عَنْ أَبِي سَعِيدٍ قَالَ قَالَ رَسُولُ اللَّهِ صَلَّى اللَّهُ عَلَيْهِ وَسَلَّمَ أَنَا سَيِّدُ وَلَدِ آدَمَ يَوْمَ الْقِيَامَةِ وَلَا فَخْرَ وَبِيَدِي لِوَاءُ الْحَمْدِ وَلَا فَخْرَ وَمَا مِنْ نَبِيٍّ يَوْمَئِذٍ آدَمُ فَمَنْ سِوَاهُ إِلَّا تَحْتَ لِوَائِي وَأَنَا أَوَّلُ مَنْ تَنْشَقُّ عَنْهُ الْأَرْضُ وَلَا فَخْرَ قَالَ أَبُو عِيسَى وَفِي الْحَدِيثِ قِصَّةٌ وَهَذَا حَدِيثٌ حَسَنٌ صَحِيحٌ

Dari Abu Nadhrah dari Abu Sa'id dia berkata, Rasulullah Shallallahu ‘alaihi wa sallam bersabda, "Saya adalah penghulu bani Adam pada hari kiamat, bukannya untuk membanggakan diri. Di tanganku terdapat bendera pujian, bukannya untuk membanggakan diri, dan tidak ada seorang Nabi pun pada hari itu, baik Adam maupun yang lain kecuali berada di bawah benderaku. Akulah orang yang pertama kali di bangkitkan (dari kubur) bukannya untuk membanggakan diri." Dan di dalam redaksi hadits terdapat kisah, Abu Isa berkata, "Hadits ini derajatnya hasan shahih. (HR. At-Tirmidzi no.3548)

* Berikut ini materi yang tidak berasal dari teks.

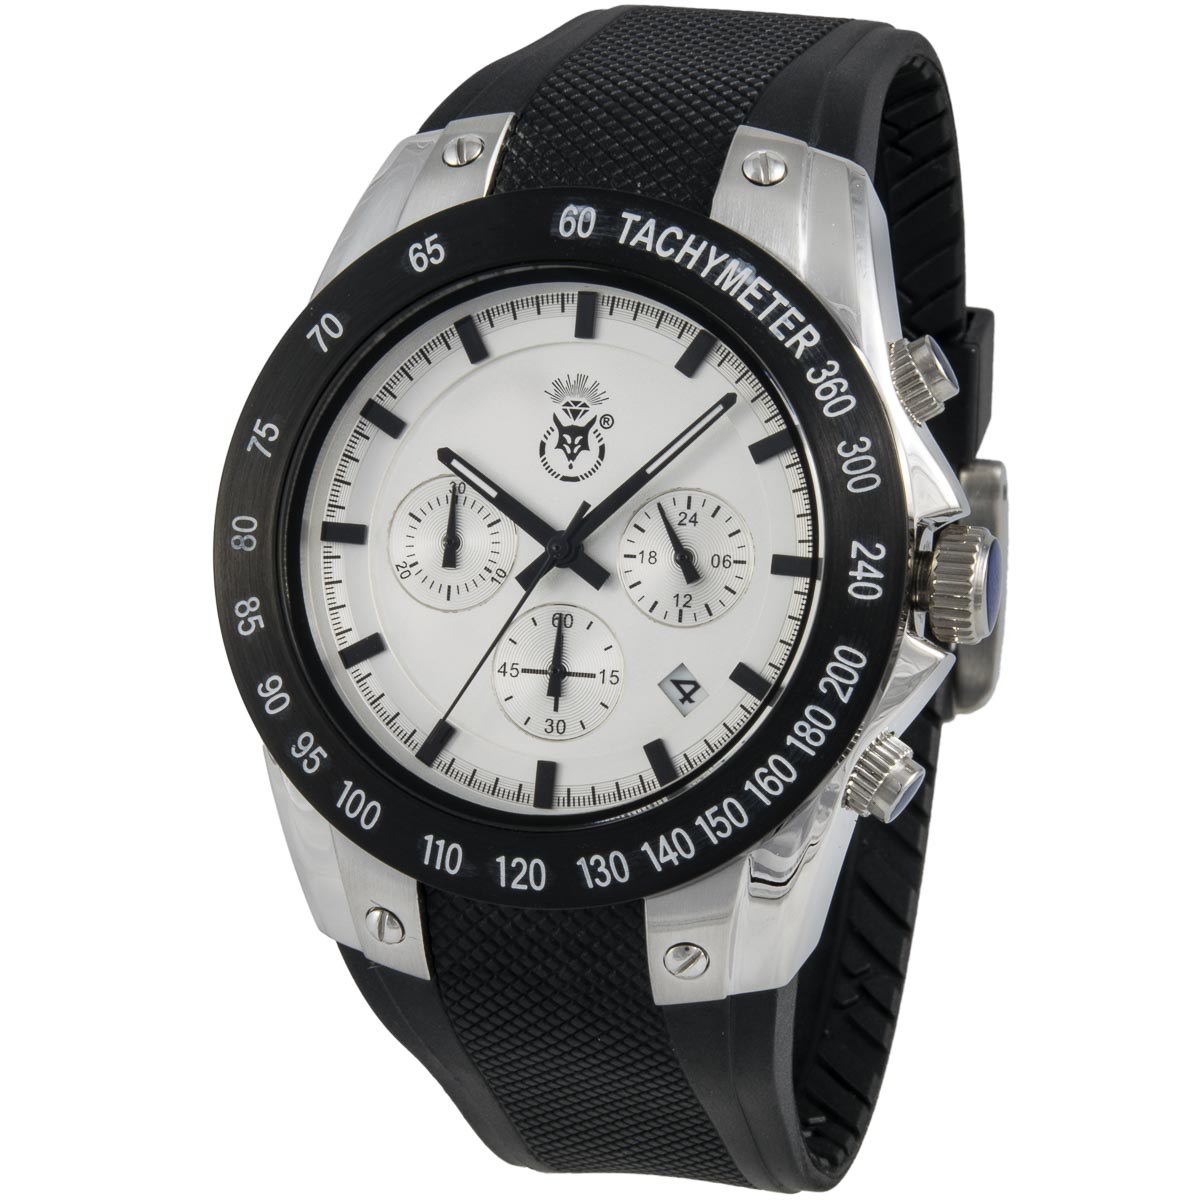 K.V. Fuchs Design Herren Chronograph Armbanduhr mit 24h-Anzeige und Stoppfunktion in schwarz, silber mit Silikonarmband in schwarz »CH-129-01-Silber«

عَنْ أُبَيِّ بْنِ كَعْبٍ أَنَّ رَجُلًا اعْتَزَى بِعَزَاءِ الْجَاهِلِيَّةِ فَأَعَضَّهُ وَلَمْ يُكَنِّهِ فَنَظَرَ الْقَوْمُ إِلَيْهِ فَقَالَ لِلْقَوْمِ إِنِّي قَدْ أَرَى الَّذِي فِي أَنْفُسِكُمْ إِنِّي لَمْ أَسْتَطِعْ إِلَّا أَنْ أَقُولَ هَذَا إِنَّ رَسُولَ اللَّهِ صَلَّى اللَّهُ عَلَيْهِ وَسَلَّمَ أَمَرَنَا إِذَا سَمِعْتُمْ مَنْ يَعْتَزِي بِعَزَاءِ الْجَاهِلِيَّةِ فَأَعِضُّوهُ وَلَا تَكْنُوا

Dari Ubay bin Ka'b, bahwa ada seorang laki-laki membanggakan nasabnya seperti perbuatan orang-orang jahiliah, namun ia menahan dan tidak menyatakannya secara fulgar. Orang-orang pun memandang ke arahnya, maka laki-laki itu pun berkata, "Sesungguhnya aku bisa memahami apa yang ada pada kalian, dan tiada yang bisa saya lakukan kecuali ini, karena Rasulullah Shallallahu ‘alaihi wa sallam menyuruh kami, "Jika kalian mendengar seseorang membanggakan nasabnya seperti orang jahiliah, maka tahanlah dan jangan kalian tampakkan dengan fulgar." (HR. Ahmad no.20284).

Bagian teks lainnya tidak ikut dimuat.